Doctors and researchers come up with new ways to use drugs far faster than the FDA can possibly hope to approve such uses -- and that's if the pharmaceutical company chooses to go through the lengthy and costly bureaucratic process of getting a new indication approved at all. As a result, the FDA's recommendations for how to treat patients lag far behind actual, current medical practice. How could they not? A bureaucracy cannot possibly match the speed of individuals and their doctors making the decisions that are, individually, right for them.

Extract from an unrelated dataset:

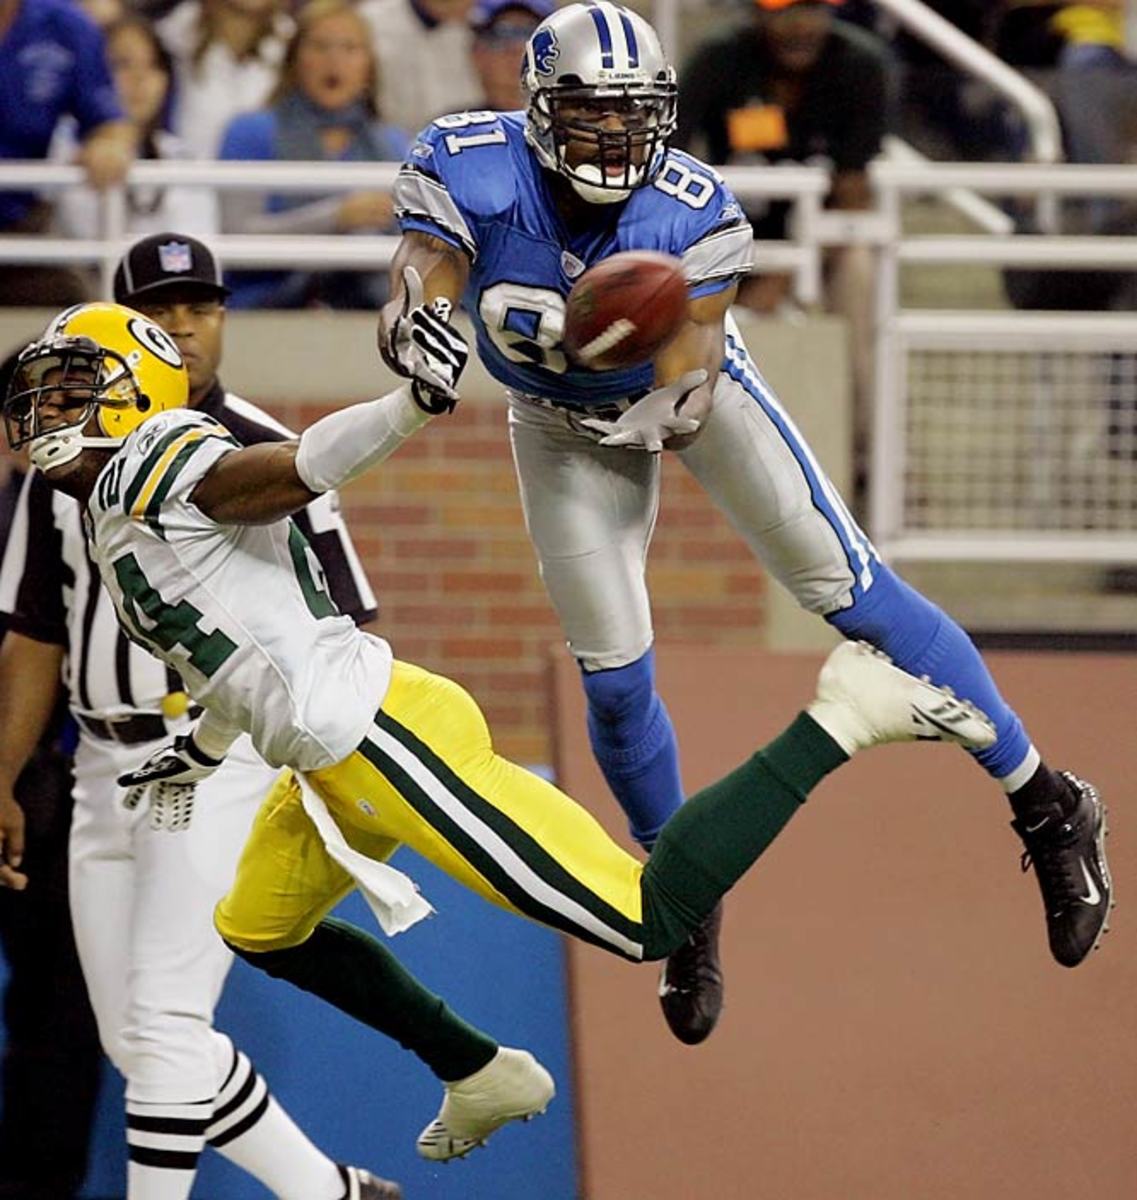 Packers 37, Lions 26

Perhaps some patients might not be comfortable trying a drug in a setting in which it has not been previously tested, such as 30-year-olds getting vaccinated with Gardasil. But should all patients be denied the ability to do so? Certainly not: That is a violation of the patient's right to purchase whatever drugs he or she wishes, and of the drug manufacturer's right to sell the drug to whomever it can.
Fortunately, at the moment FDA approvals do not necessarily limit the treatment patients actually get: Once a drug has been approved for sale, a doctor can prescribe it for uses other than those for which it was approved (so-called "off-label" usage). But the company cannot promote the drug for such uses -- for example, an Avastin sales rep is currently not permitted to say one word about breast cancer, even if a doctor asks him or her about it. And, because some insurance companies use FDA approvals to determine what drugs they will cover, patients may have to pay for so-called "experimental" use out-of-pocket, even though they have already paid for prescription drug coverage.
How much money has been wasted on obtaining additional FDA approvals because the scope of a first approval was unnecessarily narrow? How many patients have suffered or died because they weren't allowed to try a therapy that had every reason to work, and no reason not to? The FDA's clinging to concretes, rather than allowing patients and physicians to exercise their own judgment, is expensive indeed.